> _Activity_: Write the listing out again word for word. Pictures do not belong in the copy.
== Input data ==
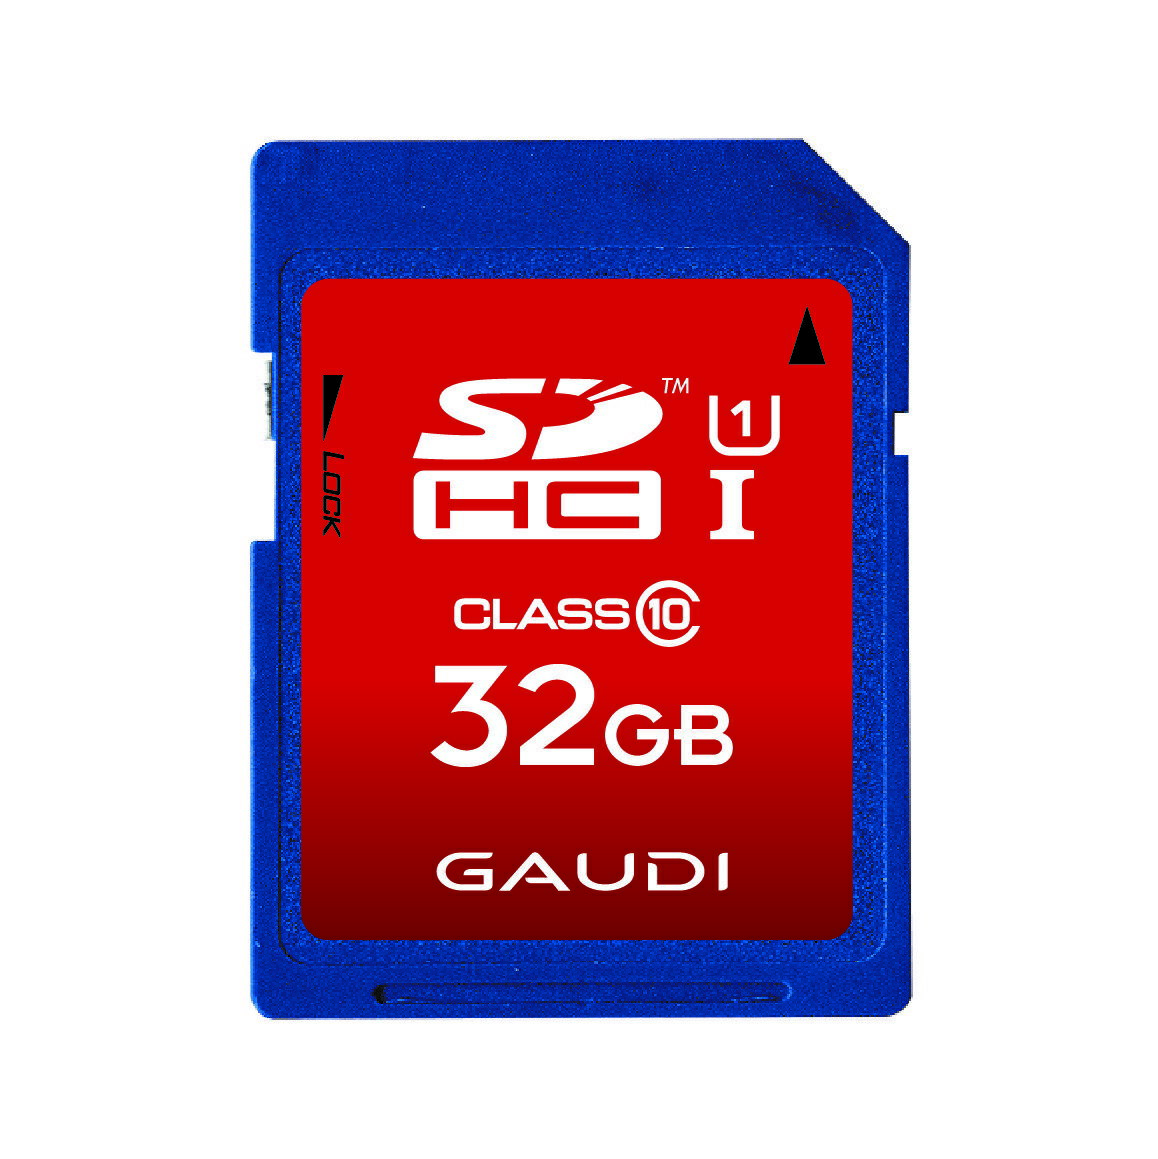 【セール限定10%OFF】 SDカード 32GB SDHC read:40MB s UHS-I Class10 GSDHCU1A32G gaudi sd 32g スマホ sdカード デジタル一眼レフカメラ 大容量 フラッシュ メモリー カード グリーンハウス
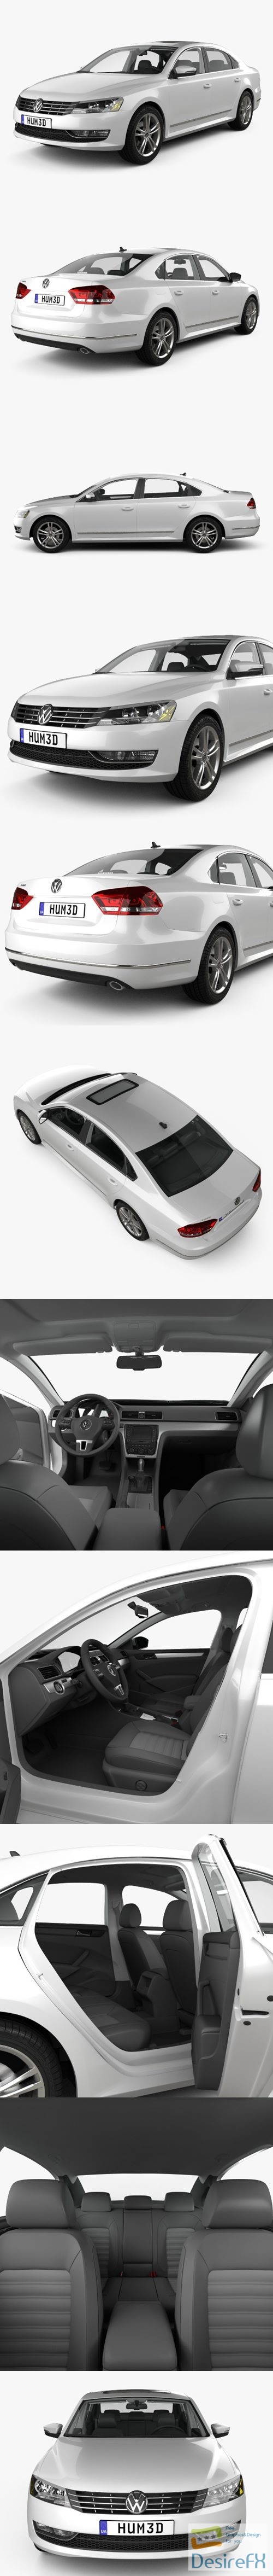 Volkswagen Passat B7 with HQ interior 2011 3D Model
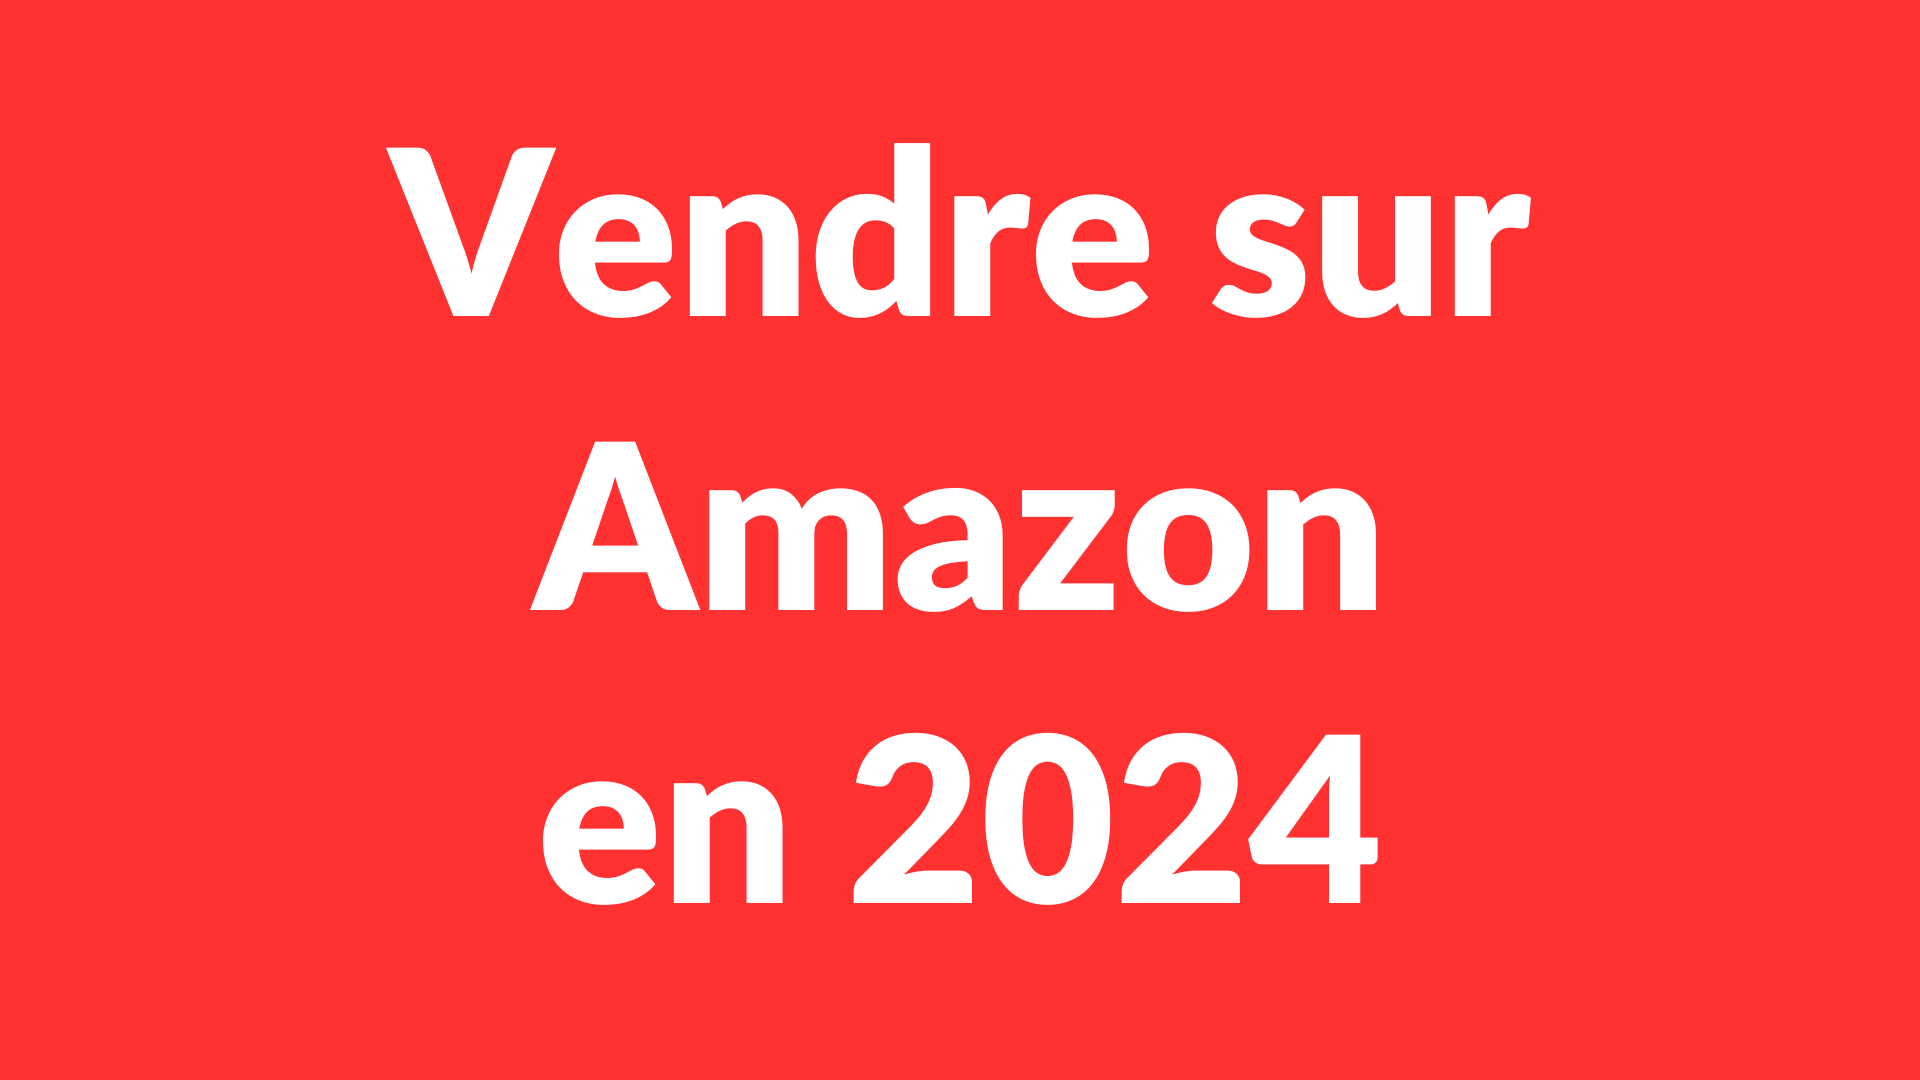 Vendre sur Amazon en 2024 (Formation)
===
> _The completed task_:
 【セール限定10%OFF】 SDカード 32GB SDHC read:40MB s UHS-I Class10 GSDHCU1A32G gaudi sd 32g スマホ sdカード デジタル一眼レフカメラ 大容量 フラッシュ メモリー カード グリーンハウス
 Volkswagen Passat B7 with HQ interior 2011 3D Model
 Vendre sur Amazon en 2024 (Formation)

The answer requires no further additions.